*** Recorded data

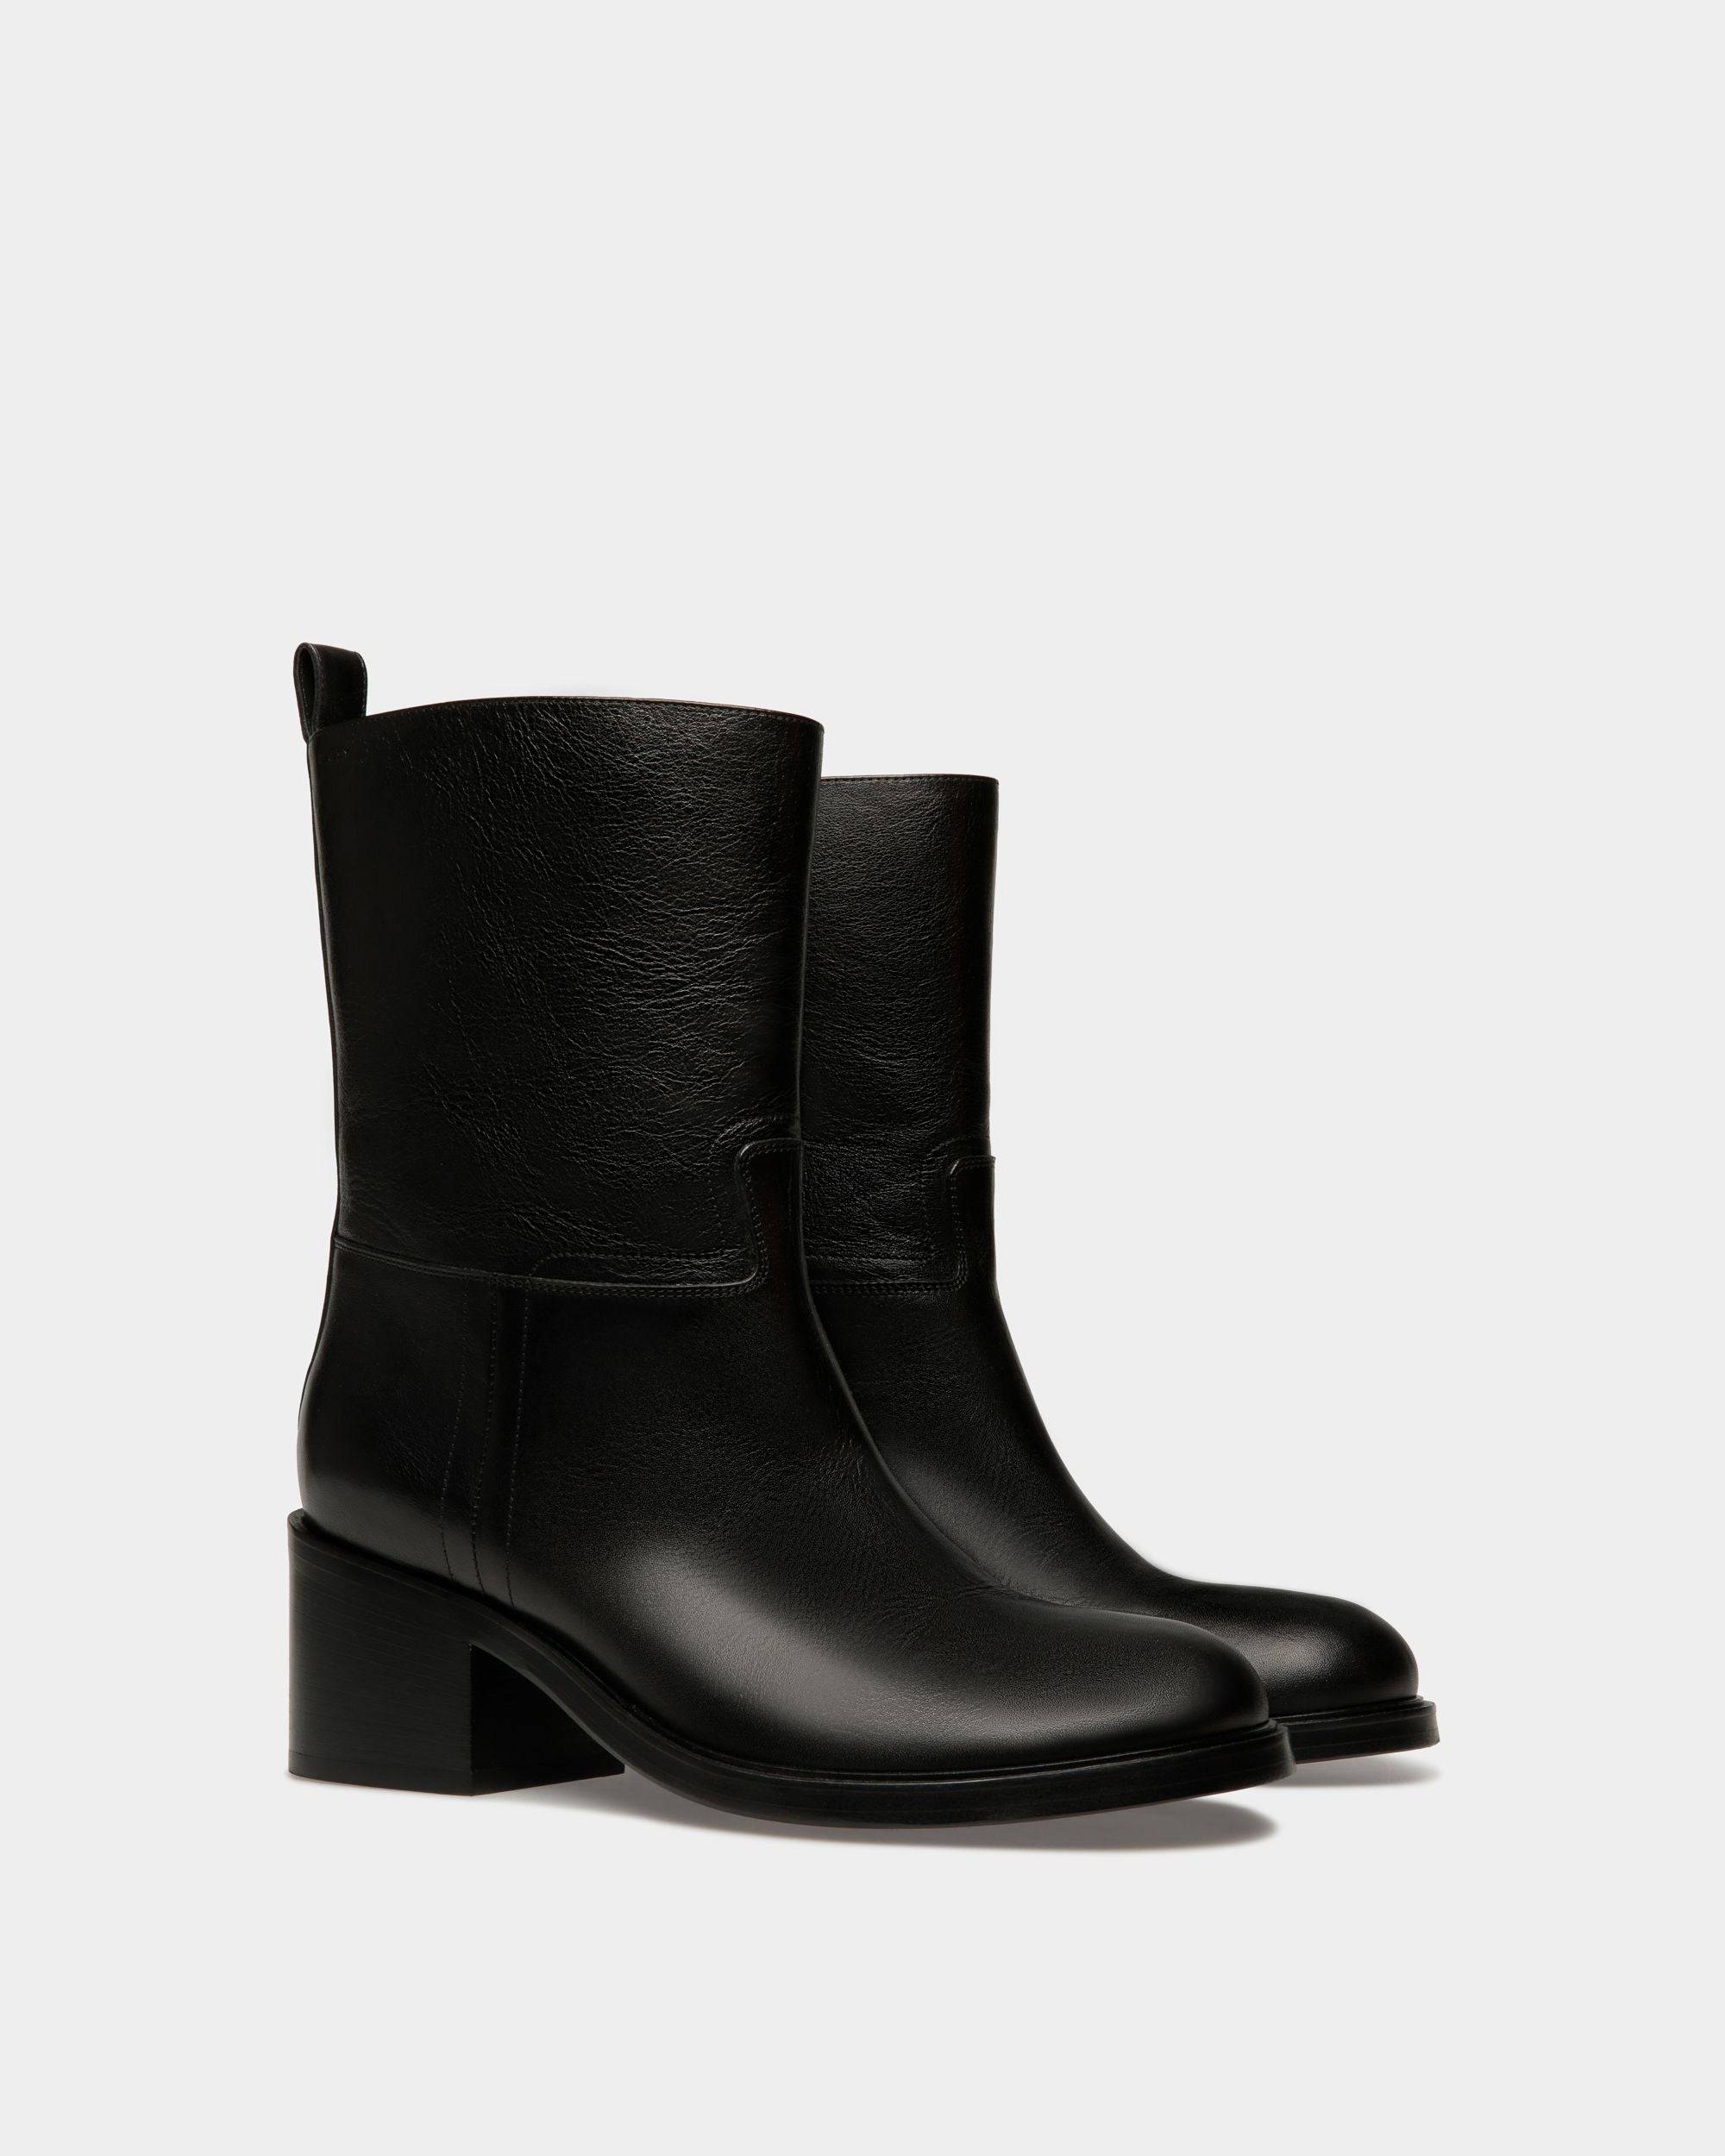 Peggy | Men's Boot in Black Leather | Bally | Still Life 3/4 Front
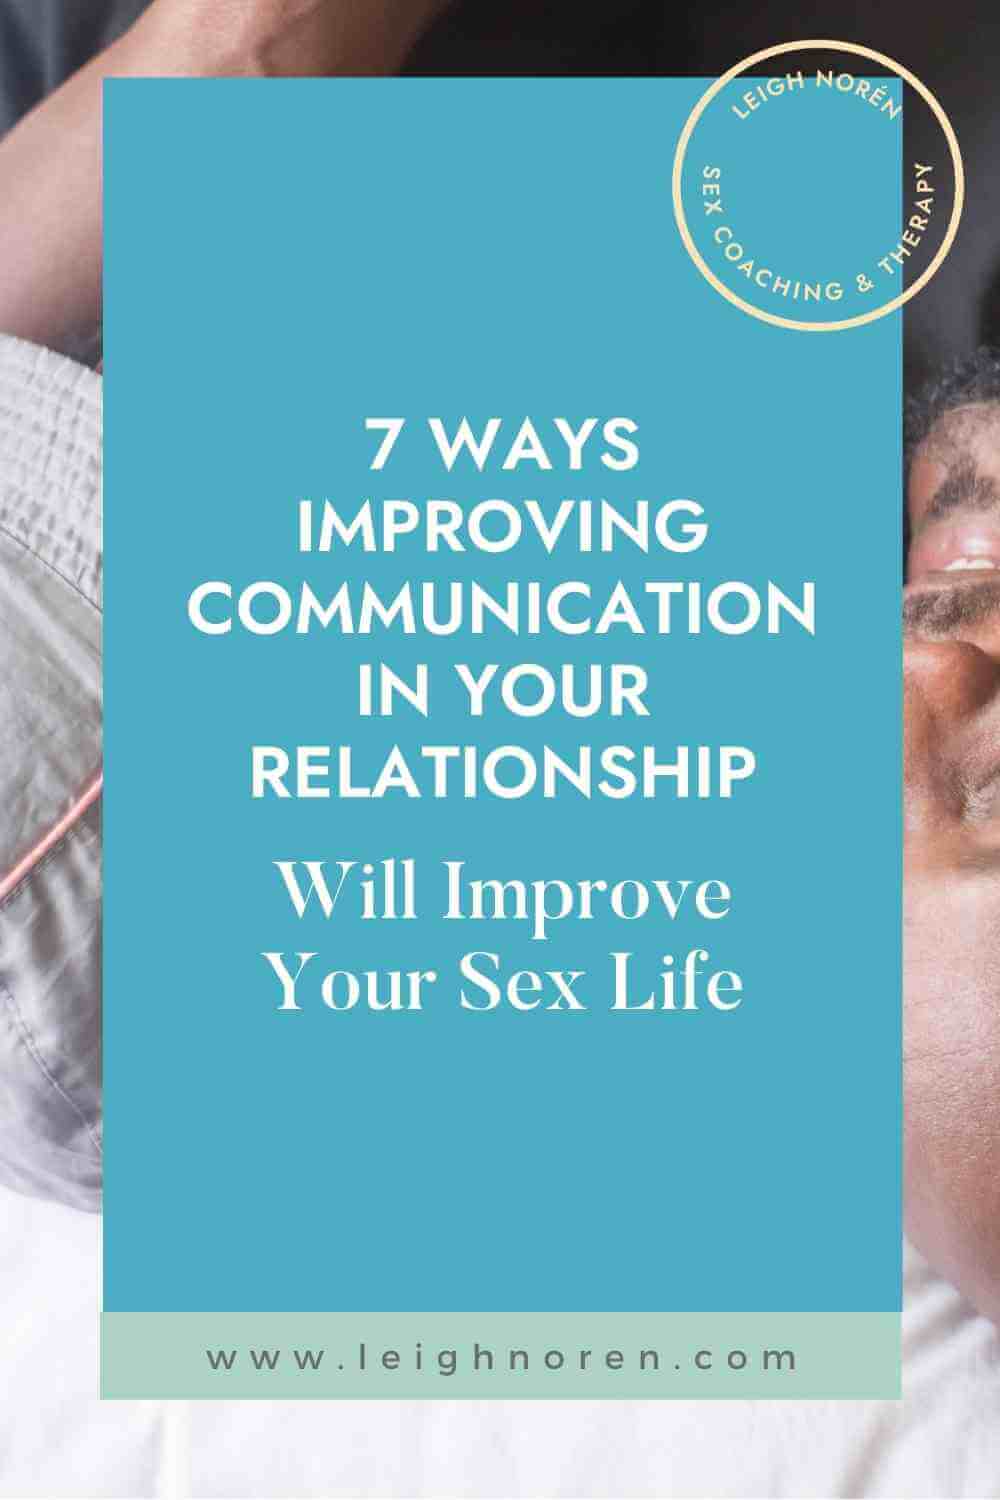 7 Ways Improving Communication In Your Relationship Will Improve Your Sex Life
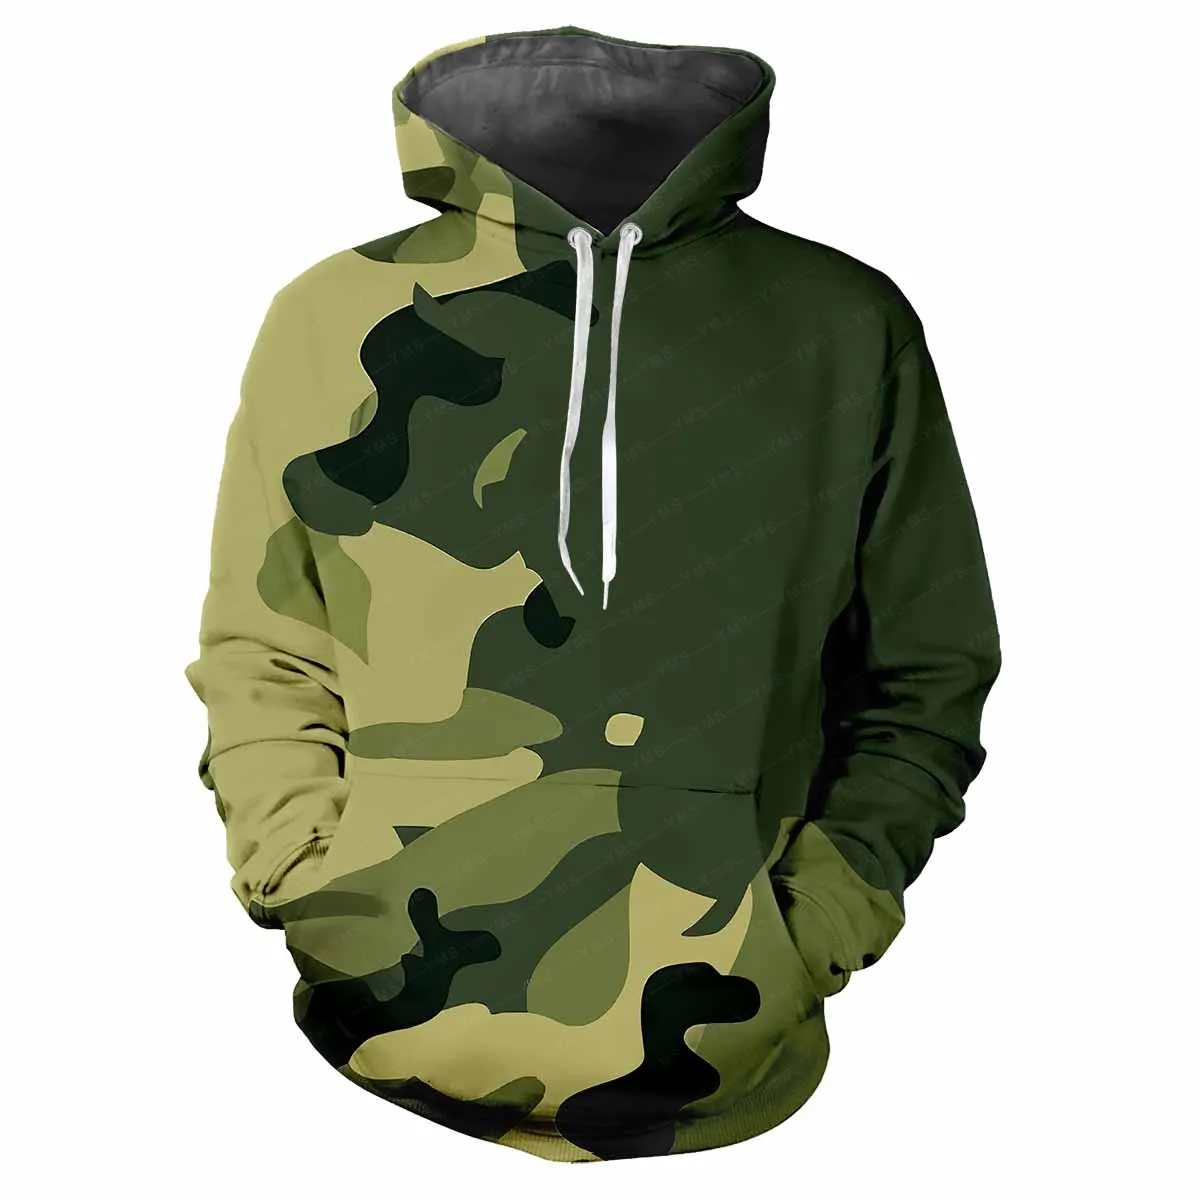 

Jungle Camouflage Camouflage 3d Printed Spring Fall Men's Hooded Hoodie Fashion Trend Tough Guy Clothing Loose Casual Clothing

******

_What is expected_
Please copy out the material above exactly, with the images removed.

_Task response_
 Peggy | Men's Boot in Black Leather | Bally | Still Life 3/4 Front
 7 Ways Improving Communication In Your Relationship Will Improve Your Sex Life

Jungle Camouflage Camouflage 3d Printed Spring Fall Men's Hooded Hoodie Fashion Trend Tough Guy Clothing Loose Casual Clothing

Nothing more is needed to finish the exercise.